5.Clinton and Greenspan Bubble
When Alan Greenspan ended his run as the Federal Reserve chairman in 1999, he cemented his spot in history and linked himself forever to the Clinton administration. It was during the Clinton years in the White House that Greenspan made his biggest mistakes. Alan Greenspan relied on his rationality of the current market, which eventually would be his undoing. During the recovery of the recession in the early 1990’s, he decided to keep the monetary policy tight as a basic anti-inflation safeguard. The high-tech economy, in association with productivity improvements, caused Greenspan to consult with Clinton and start a reversal of course. The cheap credit during this administration initiated a Wall Street boom, resulting in many investors packing on debt by purchasing shares in stocks, thinking that the price of those shares would rise indefinitely. Despite the administration warning the public of irrational exuberance, the buying boom ultimately turned into a huge bubble. The result was that the Feds had to step in and raise the interest rates, creating a brief recession and collapsing the dot.com bubble. The u-turn of the chairman and the support of the administration did nothing to slow down the collapse.

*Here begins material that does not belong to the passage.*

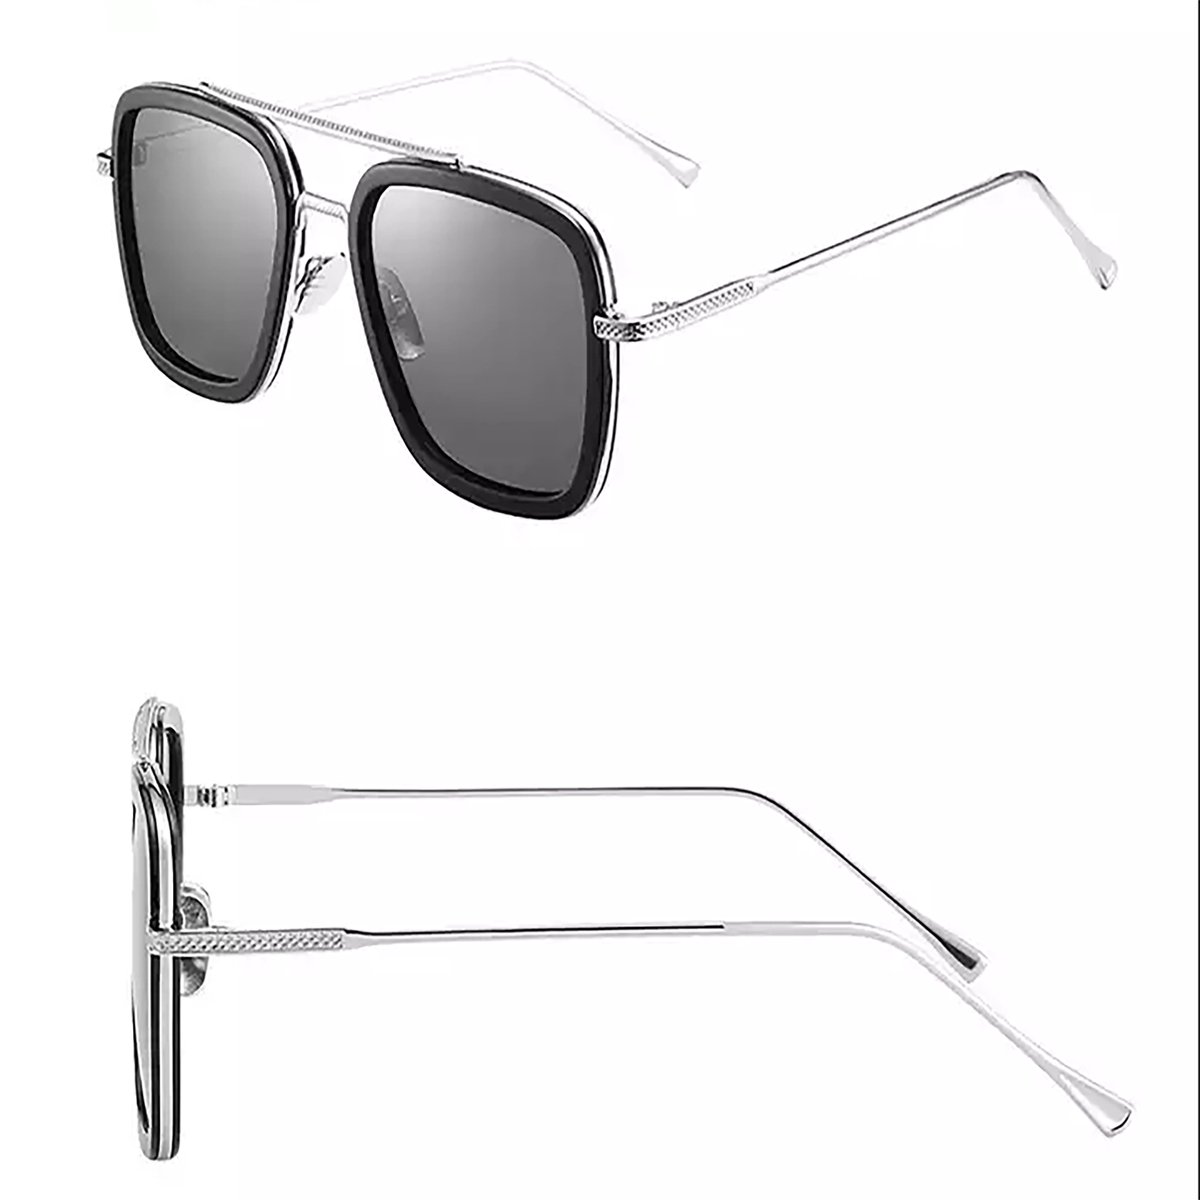 Tony Stark bril - Zonnebrillen- Zwarte glazen - Kleding accessoires

These horrible economic mistakes Democrats made should be used as a measuring stick for helping navigate the troubled financial waters in the near future. History repeated itself when the real estate market collapsed, just like the stock market of only a few years earlier. The Democratic Party and this country as a whole are seeing small strides in economic recovery as of late, something the candidates can build on and make this country great once again.